DIRECTIONS FOR THIS TASK:
Whatever lies between the line with "Will Ferrell for 1280 x 1024 resolution" and the end of the data, both included, must be copied exactly and without pictures.

SOURCE MATERIAL:
......

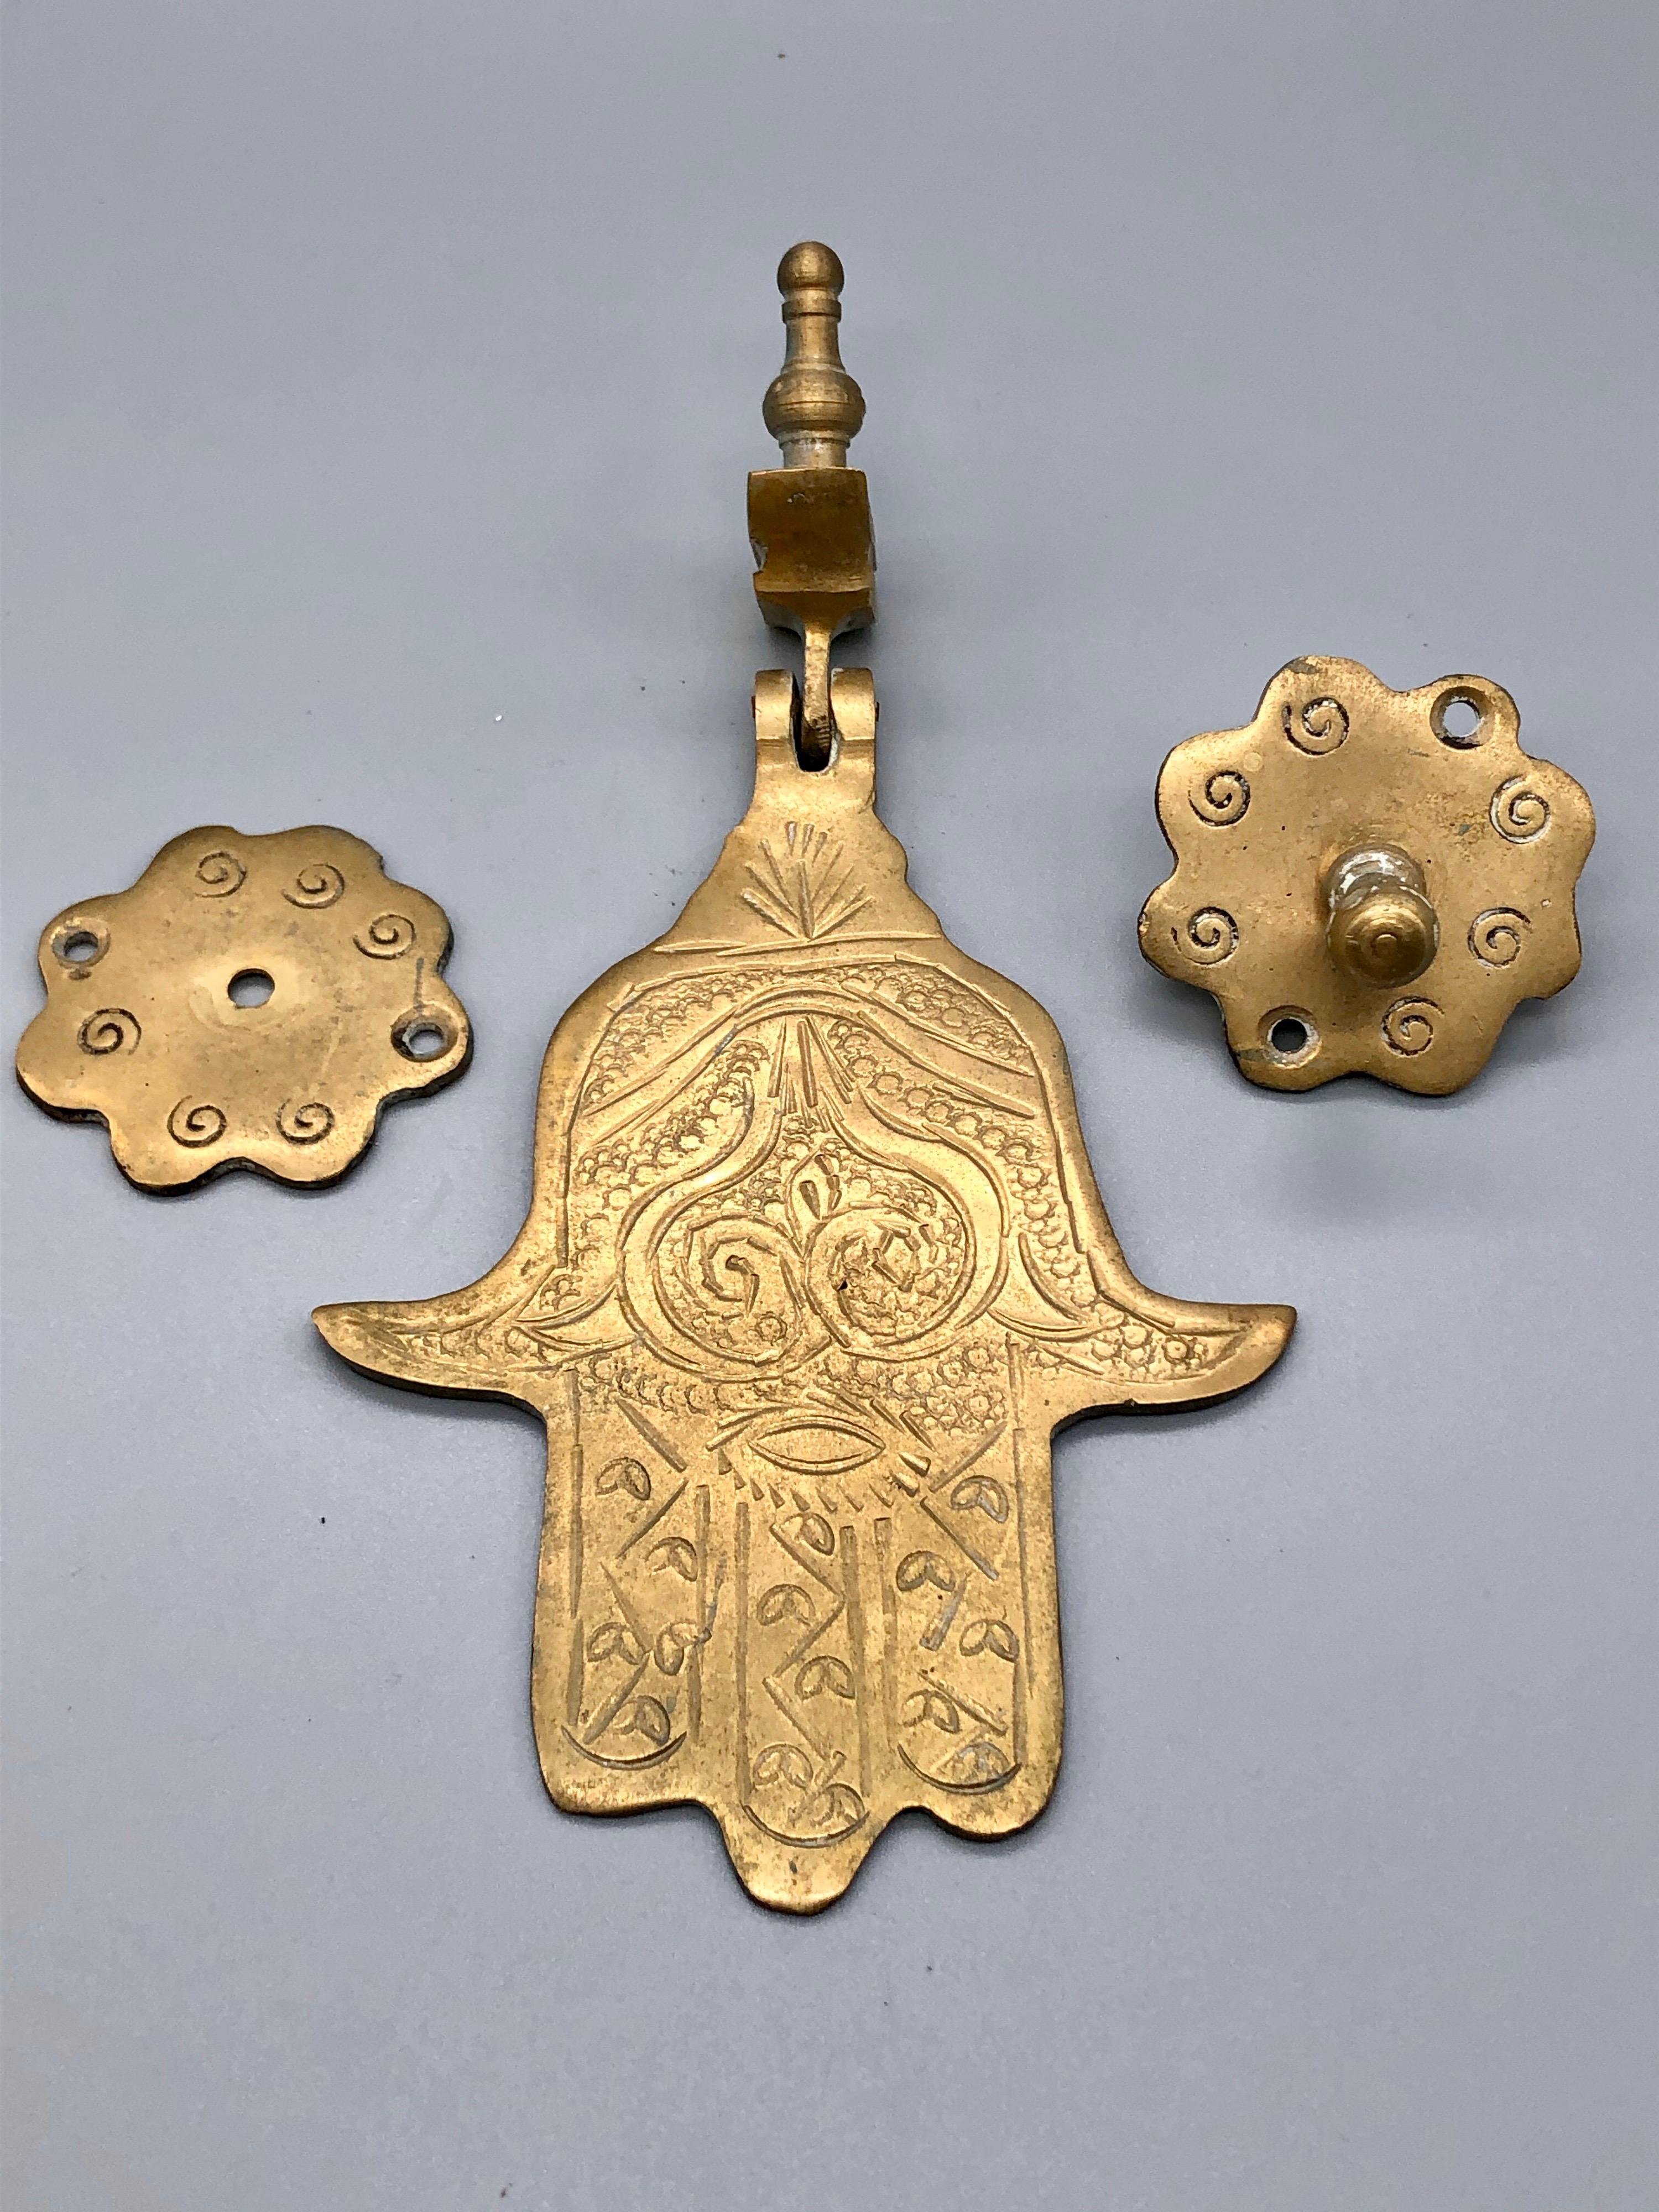 Handcut vintage brass Hamsa from Morocco circa 1950. Hand-engraved with traditional Berber symbols: tree of life, Sahara desert tent, evil eye, spiral of life. 

Affixes to door using included hardware. For thicker doors a larger screw can be
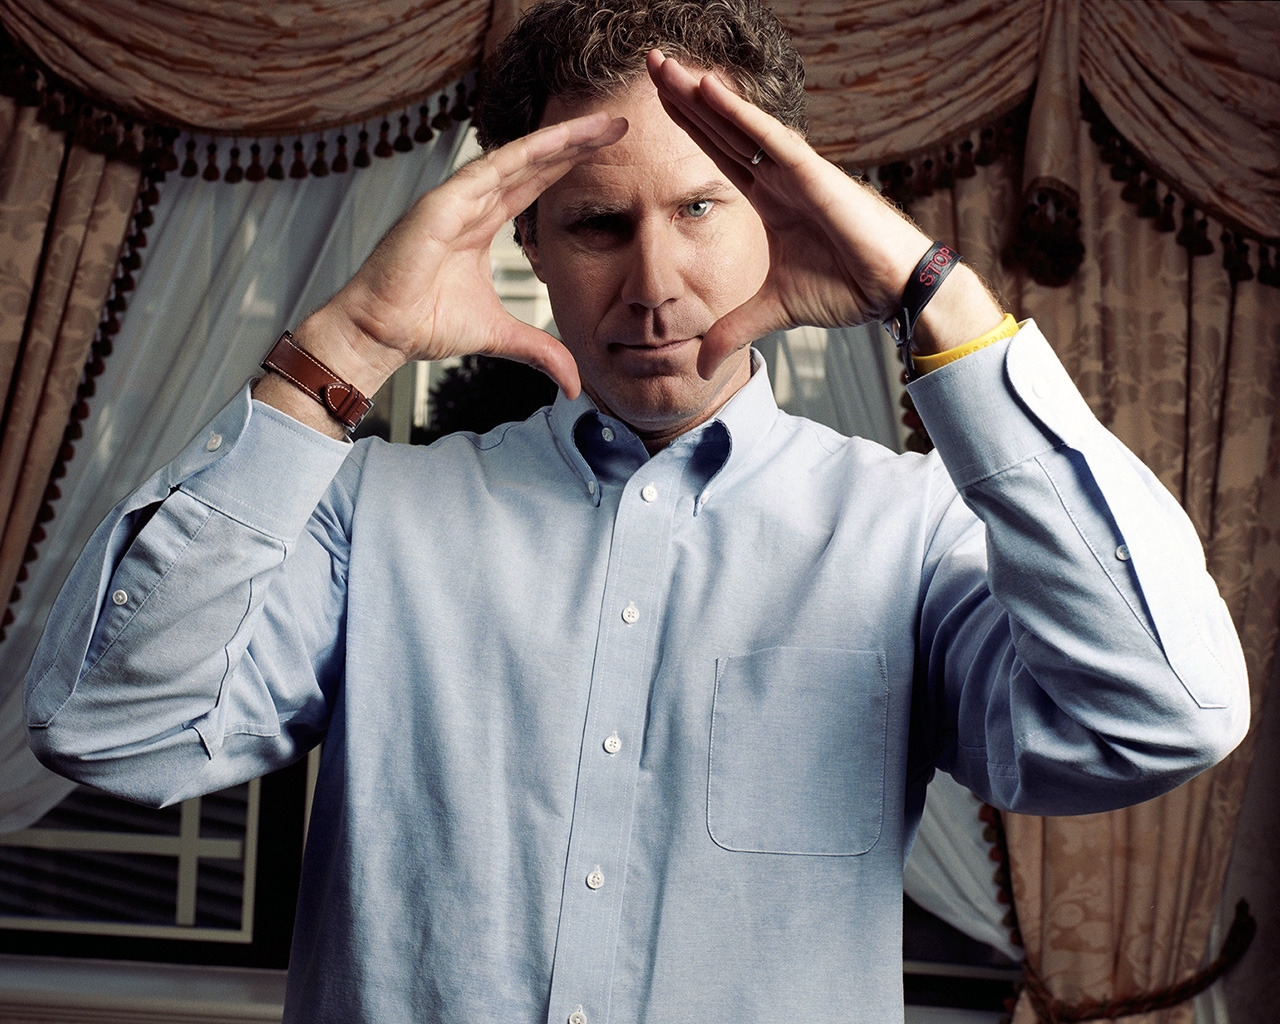 Will Ferrell for 1280 x 1024 resolution
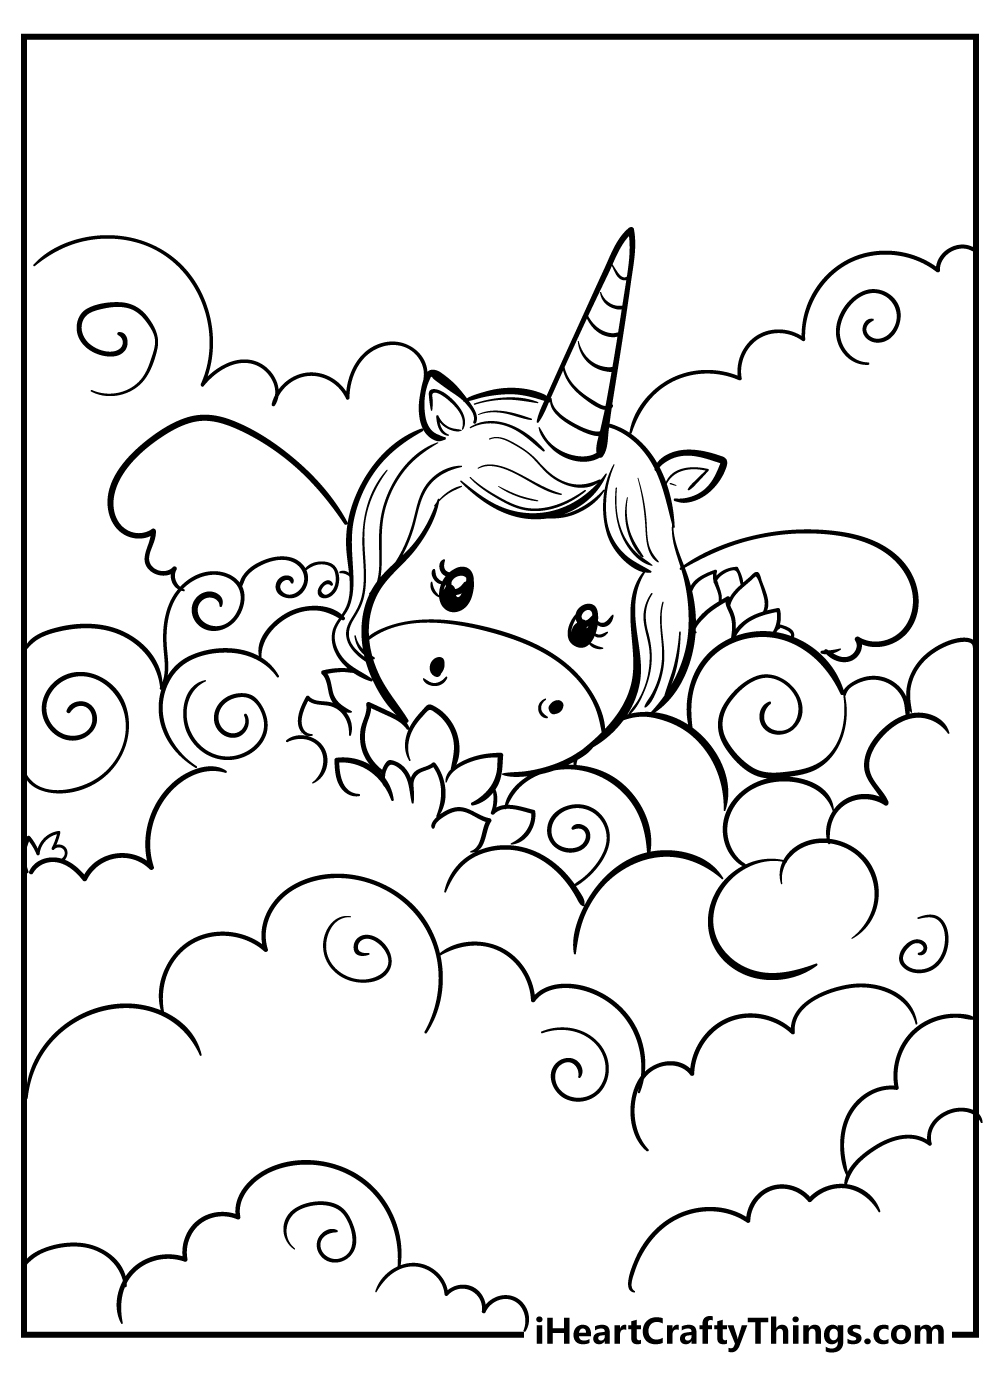 Unicorn Coloring Pages free printable

......

WRITTEN SOLUTION:
 Will Ferrell for 1280 x 1024 resolution
 Unicorn Coloring Pages free printable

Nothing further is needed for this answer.